Due to the increased resolution of the level correction gains 137,
the adjusted envelope 139 may have an increased resolution (e.g. a
1 dB resolution).
[0222] FIG. 21b shows an example linear or geometric interpolation
between the quantized previous envelope 135 and the quantized
current envelope 134. The envelopes 135, 134 may be separated into
a mean level part and a shape part of the logarithmic spectrum.
These parts may be interpolated with independent strategies such as
a linear, a geometrical, or a harmonic (parallel resistors)
strategy. As such, different interpolation schemes may be used to
determine the interpolated envelopes 136. The interpolation scheme
used by the decoder 500 typically corresponds to the interpolation
scheme used by the encoder 100, 170.
[0223] The envelope refinement unit 107 of the envelope decoder 503
may be configured to determine an allocation envelope 138 from the
adjusted envelope 139 by quantizing the adjusted envelope 139 (e.g.

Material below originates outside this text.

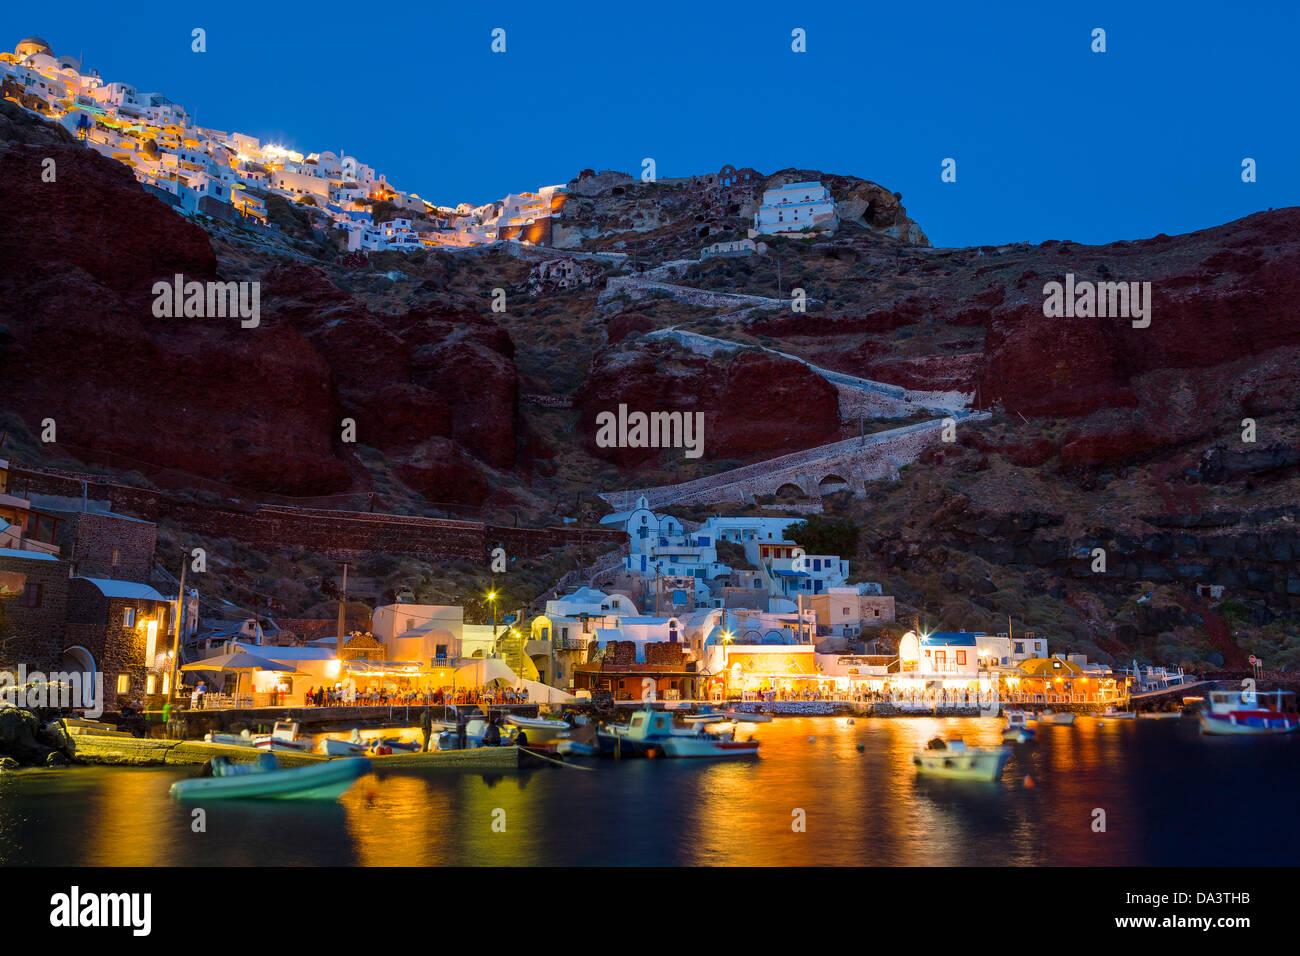 Photo de nuit de la Baie d'Ammoudi à Oia Santorini Grèce ci-dessus. Photo Stock

into 3 dB steps). The allocation envelope 138 may be used in
conjunction with the allocation control parameter or offset
parameter (comprised within the coefficient data 163) to create a
nominal integer allocation vector used to control the spectral
decoding, i.e. the decoding of the coefficient data 163. In
particular, the nominal integer allocation vector may be used to
determine a quantizer for inverse quantizing the quantization
indices comprised within the coefficient data 163. The allocation
envelope 138 and the nominal integer allocation vector may be
determined in an analogue manner in the encoder 100, 170 and in the
decoder 500.
[0224] FIG. 27 illustrates an example bit allocation process based
on the allocation envelope 138. As outlined above, the allocation
envelope 138 may be quantized according to a pre-determined
resolution (e.g. a 3 dB resolution). Each quantized spectral energy
value of the allocation envelope 138 may be assigned to a
corresponding integer value, wherein adjacent integer values may
represent a difference in spectral energy corresponding to the
pre-determined resolution (e.g. 3 dB difference). The resulting set
of integer numbers may be referred to as an integer allocation
envelope 1004 (referred to as iEnv). The integer allocation
envelope 1004 may be offset by the offset parameter to yield the
nominal integer allocation vector (referred to as iAlloc) which
provides a direct indication of the quantizer to be used to
quantize the coefficient of a particular frequency band 302
(identified by a frequency band index, bandIdx).
[0225] FIG. 27 shows in diagram 1003 the integer allocation
envelope 1004 as a function of the frequency bands 302. It can be
seen that for frequency band 1002 (bandIdx=7) the integer
allocation envelope 1004 takes on the integer value -17
(iEnv[7]=-17). The integer allocation envelope 1004 may be limited
to a maximum value (referred to as iMax, e.g. iMax=-15). The bit
allocation process may make use of a bit allocation formula which
provides a quantizer index 1006 (referred to as iAlloc [bandIdx])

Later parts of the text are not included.